RECORDS TO PROCESS:
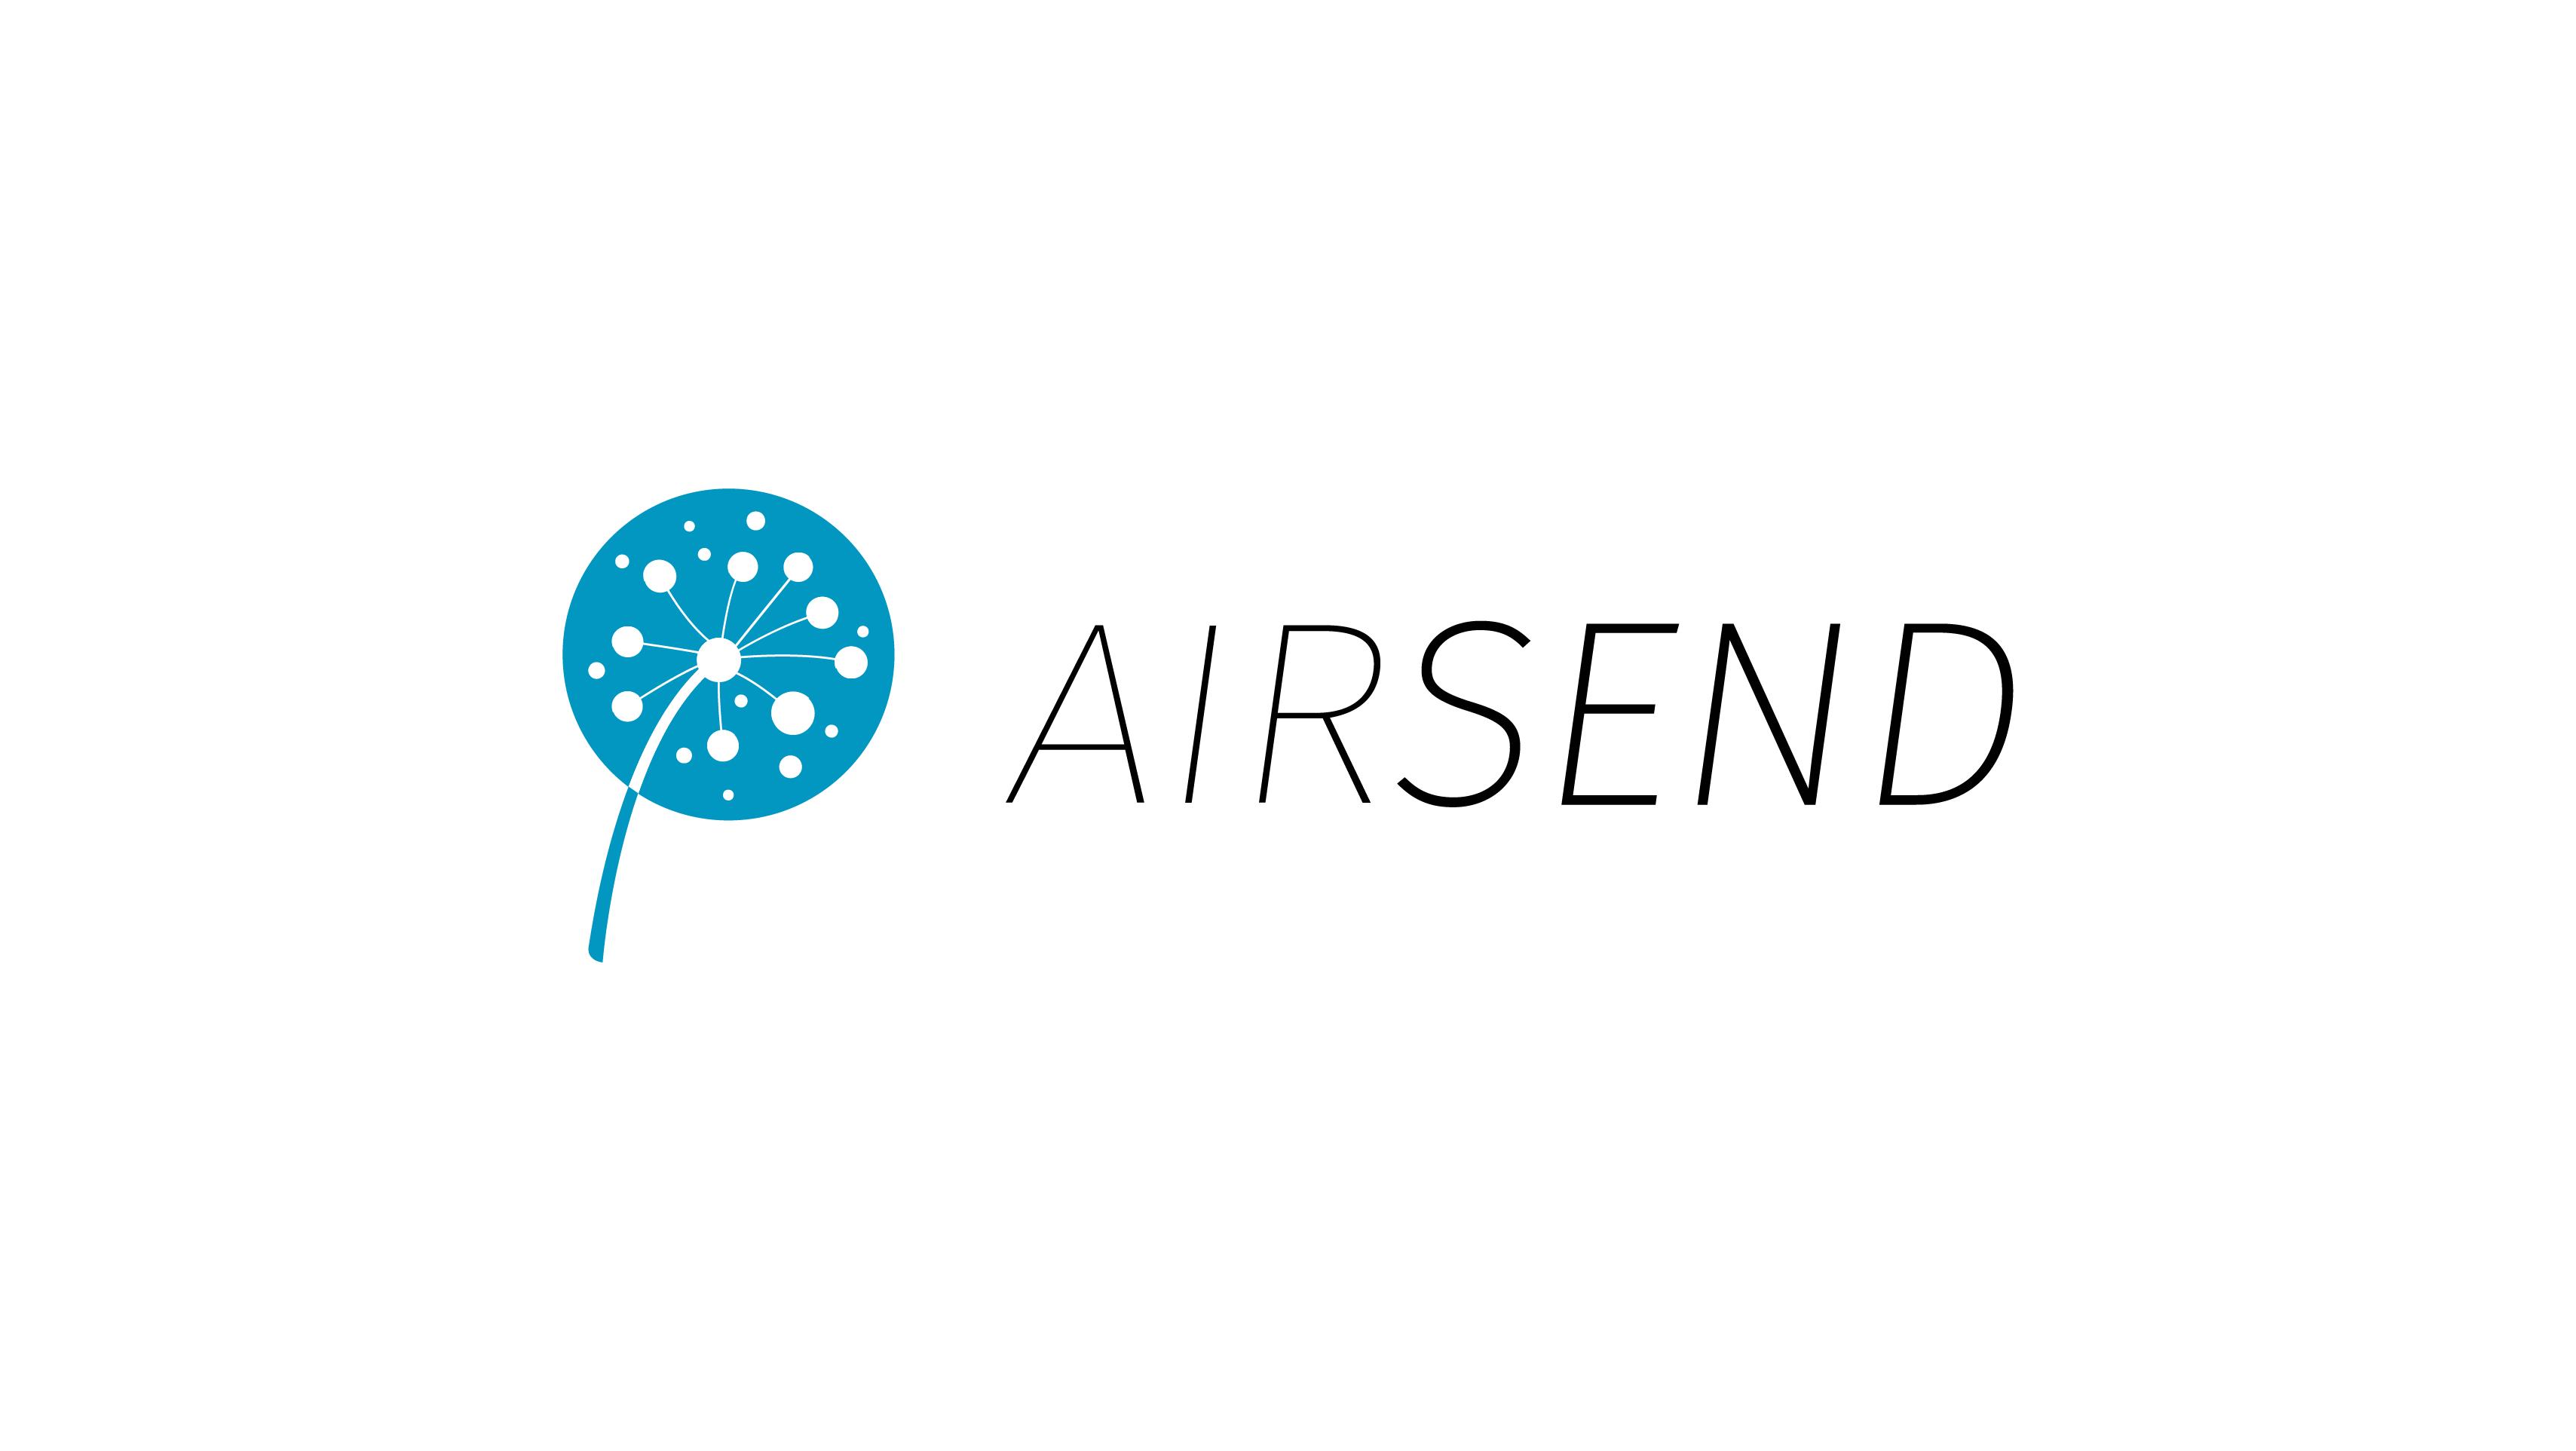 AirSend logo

--

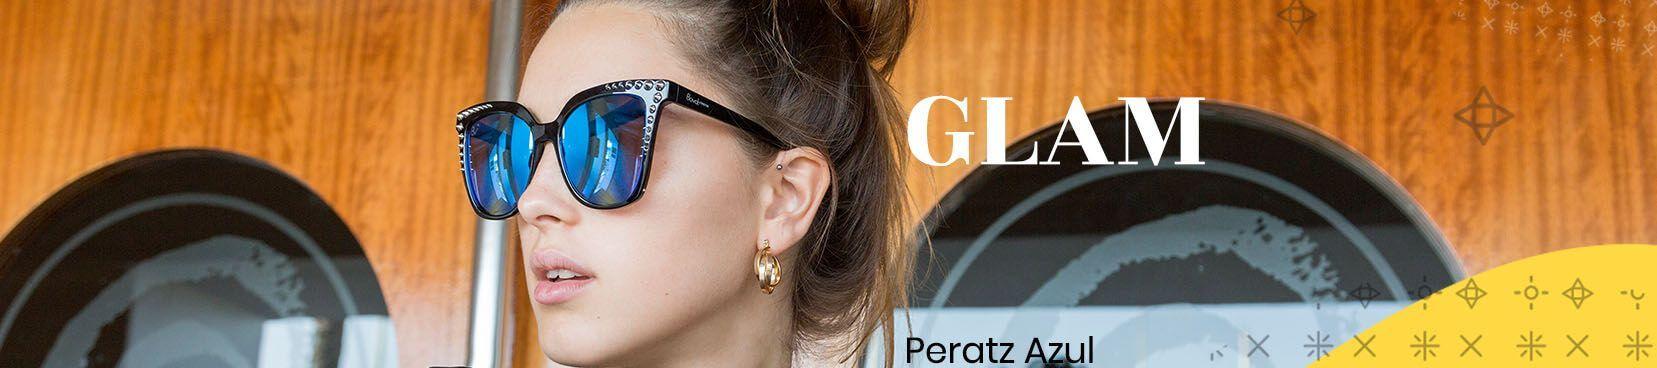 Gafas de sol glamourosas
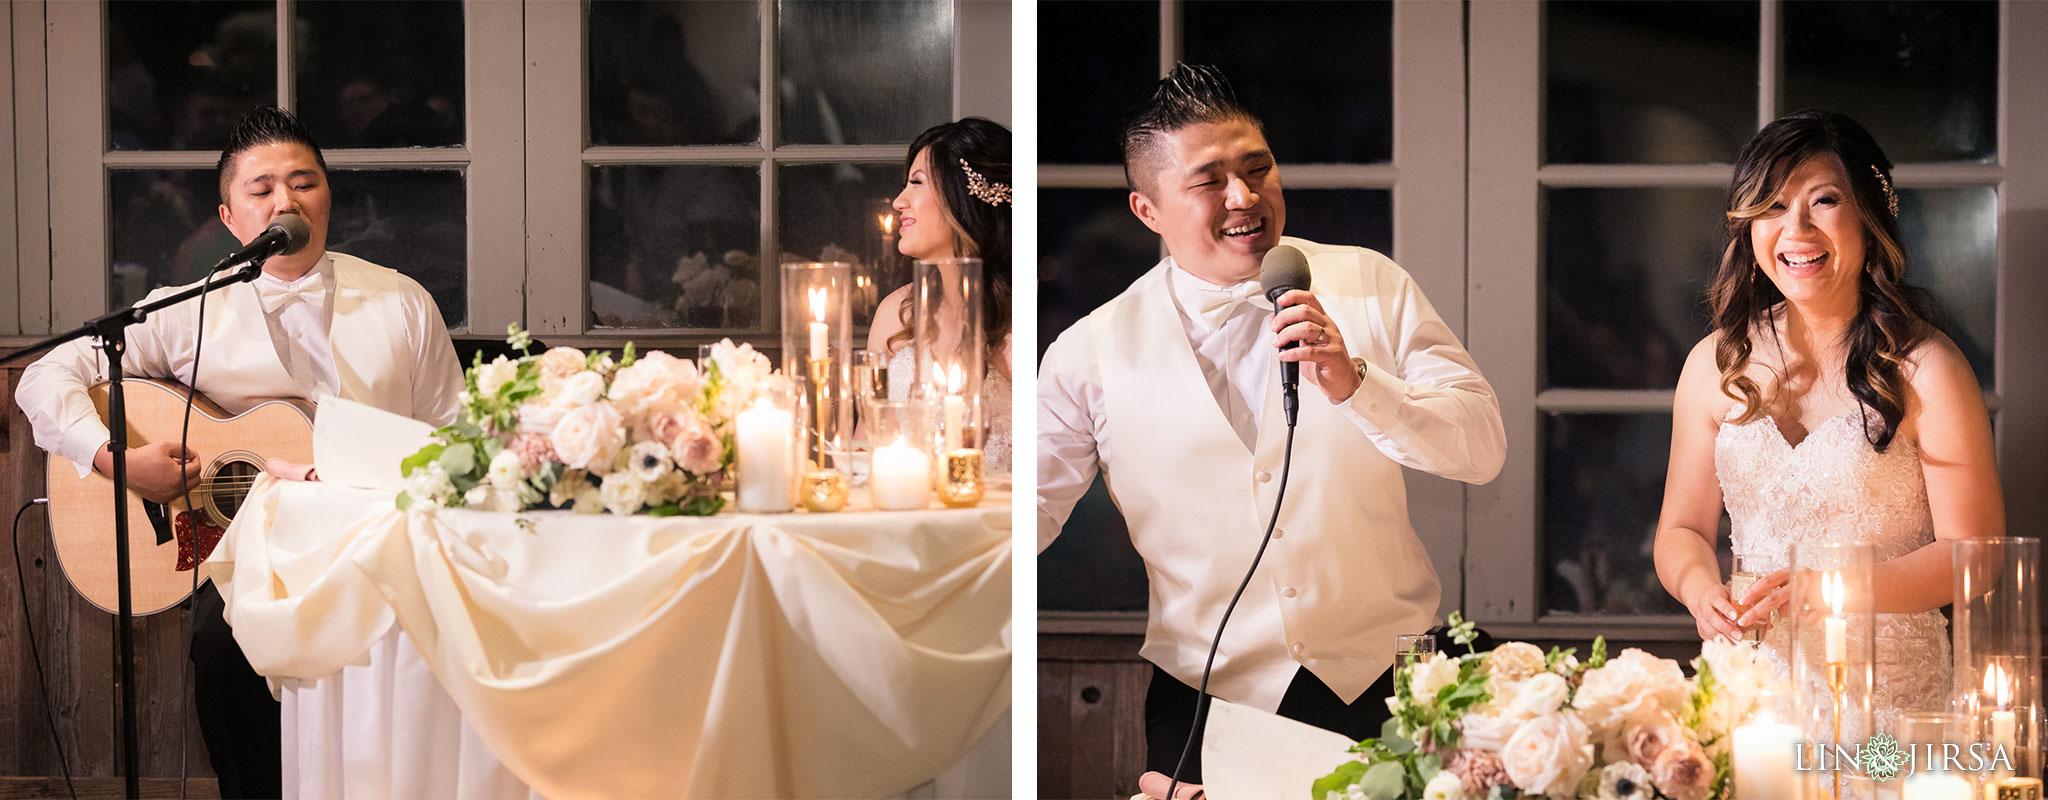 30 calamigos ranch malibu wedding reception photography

PROBLEM STATEMENT:
Reproduce the lines above starting at the one with "Gafas de sol glamourosas" and ending at the one with "30 calamigos ranch", both included, exactly and with no pictures.

WRITTEN ANSWER:
 Gafas de sol glamourosas
 30 calamigos ranch malibu wedding reception photography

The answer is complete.